Down and out in Paris and London, by George Orwell.

Your clothes get dirty and you can’t afford having them washed. You run out of soap and razor-blades. You start avoiding prosperous friends in the street. You discover hunger. Everywhere there is food insulting you in huge wasteful piles. You start thinking: in a day or two I’ll be starving”; this is Orwell’s description of the process of slipping into poverty. Down and Out in Paris and London” starts in a Paris slum where Orwell lived in 1929, in a lousy hotel in the rue du Coq d’Or among the yells of Mme. Monce, loud prostitutes and children in the street. It’s a narrow street crammed with derelict buildings packed with immigrants of every conceivable nationality, most of them eastern Europeans.
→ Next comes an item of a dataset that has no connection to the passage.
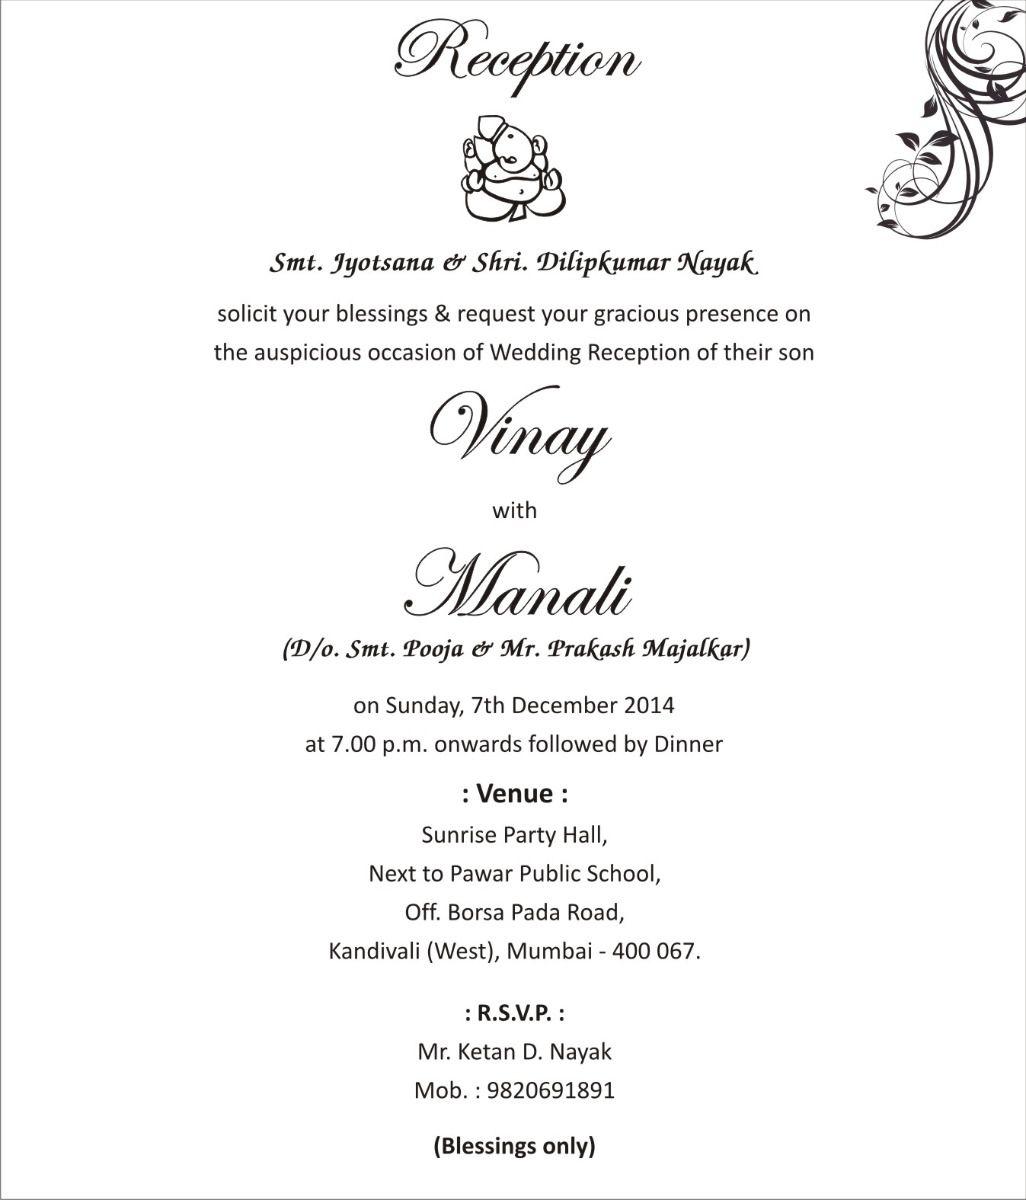 Wedding Reception Invitation Card Format In English in 5

This fantastic book describes the writer’s personal experiences among the inhabitants of an often ignored social stratum, the underworld present in every society and every nation in the globe. “People in this sort of background had given up trying to be normal or decent. Poverty freed them from ordinary standards of behaviour he states. Our protagonist, Orwell himself, spent a year and a half in the Coq d’Or until he ran out of money and started his descent to deprivation where boredom is also a fellow traveller, as there’s nothing to do and being underfed, nothing interests you”– he says. However, according to him there’s also a feeling of relief, “as your worst fear is just in front of you and you discover that you can stand it.”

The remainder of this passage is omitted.